According to the SEC’s order, from September 2018 through July 2019, Wahed Invest advertised the existence of its own proprietary funds when no such funds existed, and also promised investors that it would periodically rebalance their advisory accounts, but did not do so.

The SEC’s order further finds that when Wahed Invest ultimately launched a proprietary ETF in July 2019, it used its clients’ advisory assets to seed the ETF without prior disclosure to clients of any conflicts of interest.

The order also finds that Wahed Invest marketed itself as providing advisory services compliant with Islamic, or Shari’ah law, including marketing the importance of its income purification process on its website. Despite these representations, the order finds that Wahed Invest did not adopt and implement written policies and procedures addressing how it would assure Shari’ah compliance on an ongoing basis.

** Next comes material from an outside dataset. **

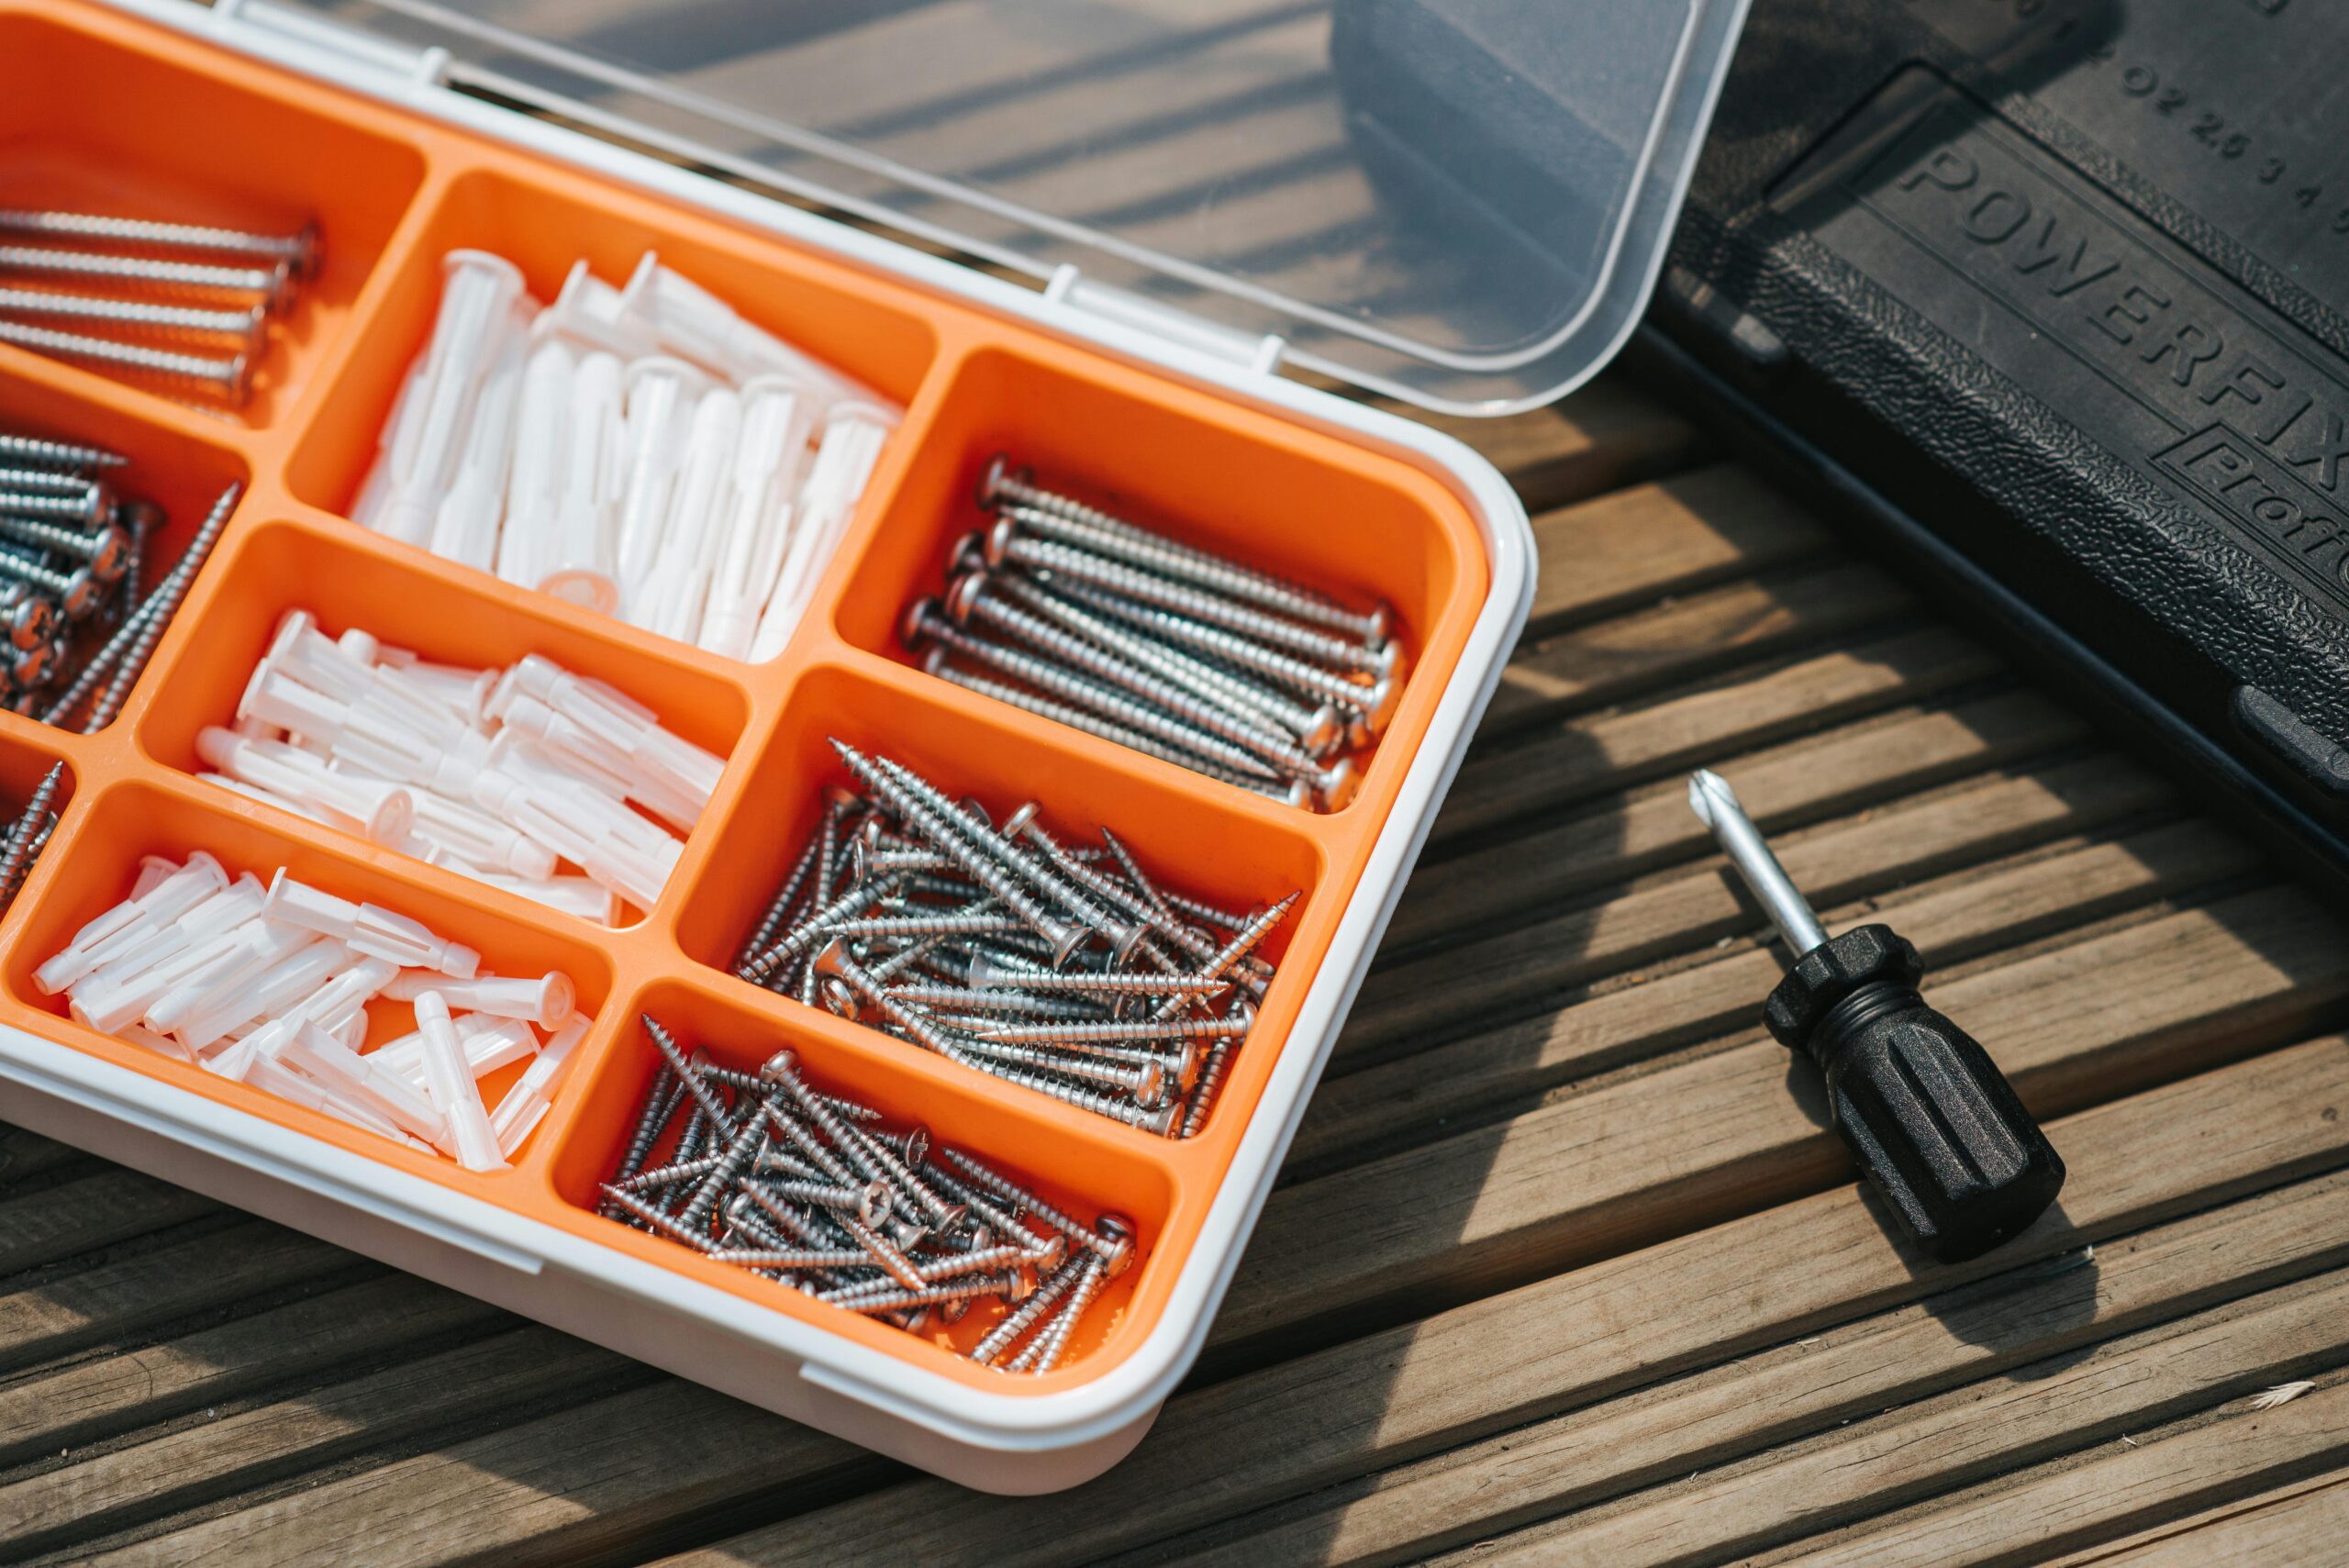 A toolkit filled with multiple screws

Robo-advisers, like other advisers, must ensure that their marketing materials are not misleading and that conflicts are disclosed to investors,” said Adam S. Aderton, Co-Chief of the SEC Enforcement Division’s Asset Management Unit. “Registered investment advisers like Wahed Invest must also adopt and implement written policies and procedures reasonably designed to prevent the adviser from deviating from its claimed investment process.”

Wahed Invest consented to the entry of the SEC’s order finding that the firm violated Sections 206(2) and 206(4) of the Investment Advisers Act of 1940 and Rules 206(4)-1(a) and 206(4)-7. Without admitting or denying the SEC’s findings, Wahed Invest agreed to a cease-and-desist order, to pay a $300,000 penalty, and to retain an independent compliance consultant among other undertakings.

The SEC’s investigation was conducted by David H. Tutor, with assistance from industry expert Dan Pines, and was supervised by Andrew Dean, all of the Enforcement Division’s Asset Management Unit. The examination that led to the investigation was conducted by Alessandra Hagemann, Michael Artus, Joy Best, Rachel Lavery, and Jennifer Klein of the SEC’s New York Regional Office.